Wann ist dieses einfache und kostengünstige Wissen euch Menschen verloren gegangen? Diese zwei Äpfel sind ein Symbol für die fortschreitende Entfremdung von der natürlichen Umwelt. Statt Dinge, die natürlich wachsen, zu bewahren, zu lagern und sich von ihnen zu ernähren, baut der moderne Mensch unkontrolliert Ressourcen ab und sorgt nicht für eine Regeneration. Und warum? Weil es zu einfach ist: Wer muss sich schon damit auseinandersetzen, wie man einen Apfel richtig lagert, wenn man rund um die Uhr immer Äpfel aus der ganzen Welt so viel einfacher erhält? Die Krux an der Sache ist, dass mensch die Kosten dieser Bequemlichkeit, welche durch die langen Lieferketten und Transportwege entstehen, nicht mitbezahlen und sie somit auf unser gemeinsames Ökosystem umlagern. Dass die Ressourcen jedoch endlich sind und es langfristig sehr teuer werden wird, die reversiblen Schäden zu „reparieren“ und die irreversiblen auszugleichen, vergisst man da schnell. Dabei ginge es auch einfacher, wie diese Äpfel zeigen: regional, ressourcenschonend, unverändert, pestizidfrei, energiefrei.
Und diese unmittelbare Erfahrung, wie Lebensmittel entstehen, schafft eine Verbindung: Man sieht im Frühjahr die Bäume blühen, sieht die Bienen bei der Bestäubung, die Äpfel heranwachsen,
erntet diese im Herbst schließlich und bereitet diese zum Verzehr auf, indem man sie einkocht oder einlagert. Das konnten schon die Großeltern und die
hatten noch kein Internet, das man fragen konnte. Weggeworfen wurde damals übrigens nur, was wirklich kaputt kaputt war. Eine schlechte Stelle wurde weggeschnitten.

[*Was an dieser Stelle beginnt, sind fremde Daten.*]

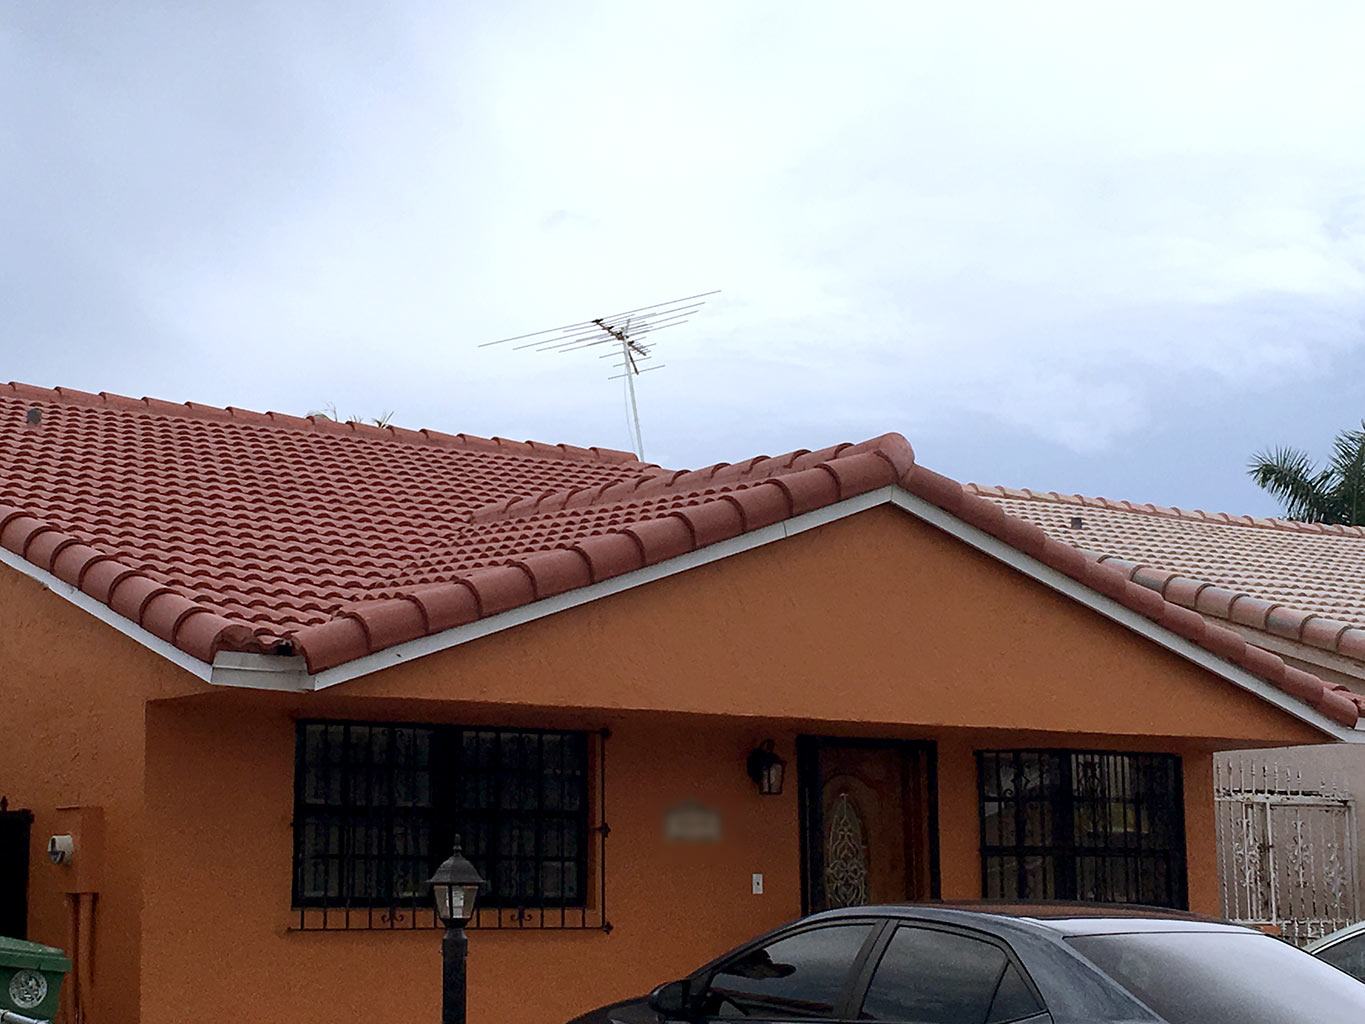 Completed concrete tile roof
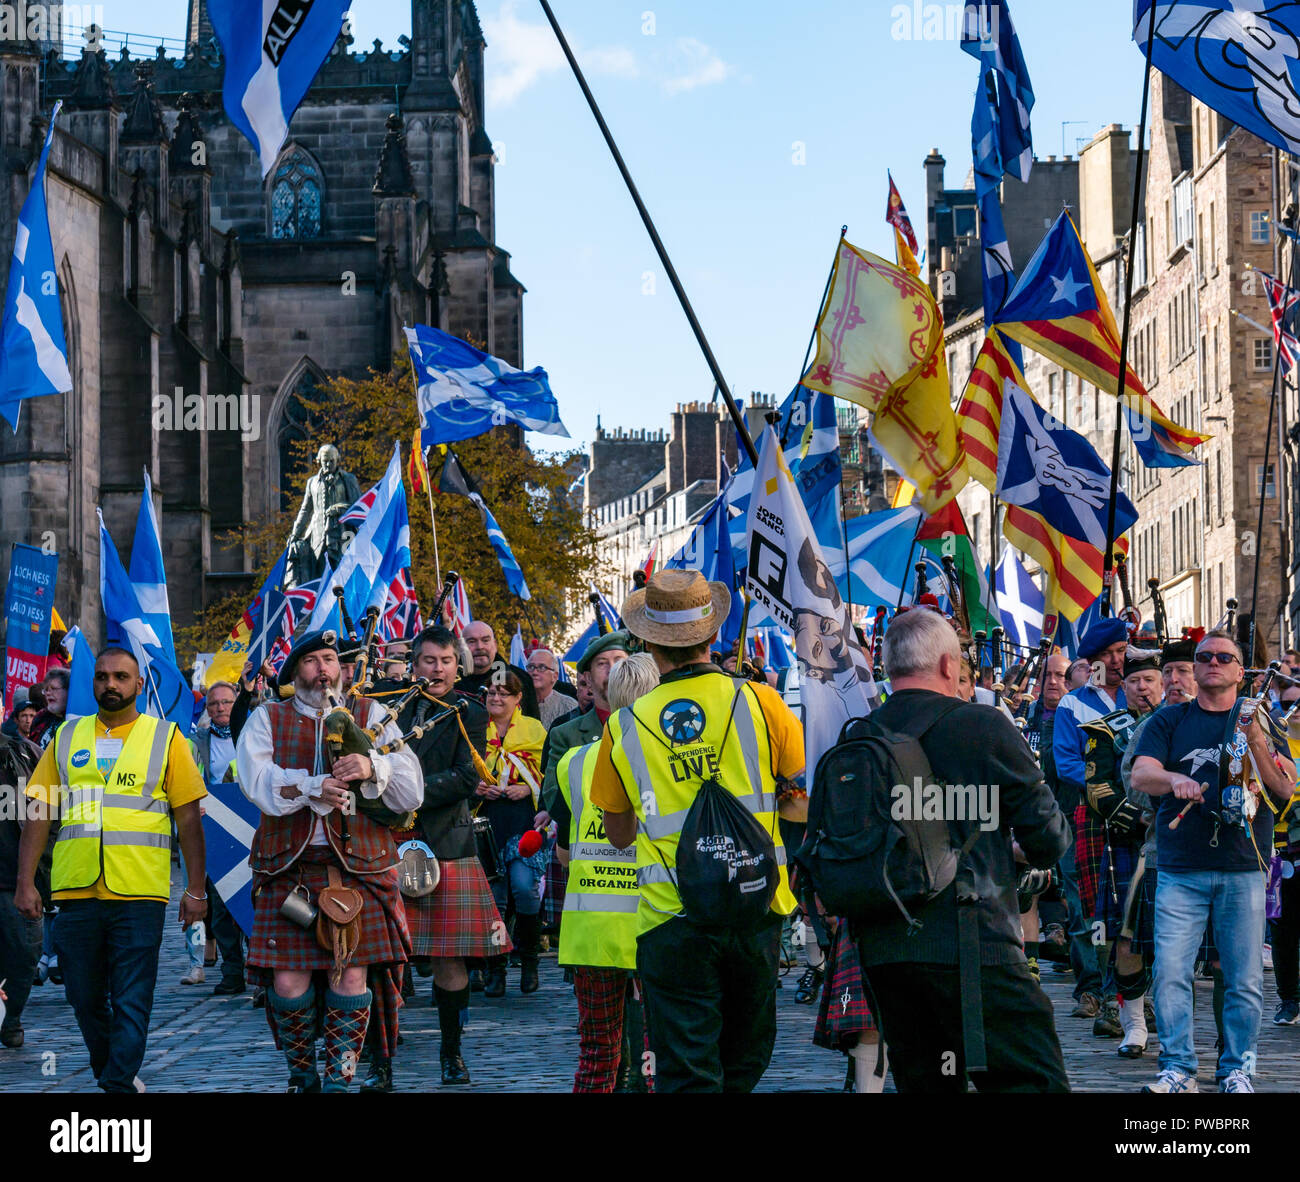 People marching and waving national flags at All Under One Banner AUOB Scottish Independence march 2018, Royal Mile, Edinburgh, Scotland, UK Stock Photo

Die Veränderung, die unser Ökosystem und darin wir Lebewesen und ihr Menschen jetzt so dringend benötigt, heißt nicht zwingend Fortschritt, sondern vielmehr Rückbesinnung zu einem Leben im Einklang mit der Natur – nicht gegen sie.
Und das beginnt mit dem Apfel.
Denn dieser ist greifbar, an ihm kann man lernen, altes, so wertvolles Wissen wieder zu reaktivieren und das, was die Natur so verschwenderisch produziert, wertzuschätzen. Ab morgen gibt es übrigens Rhabarber, dann folgen die Johannisbeeren und die Erdbeeren!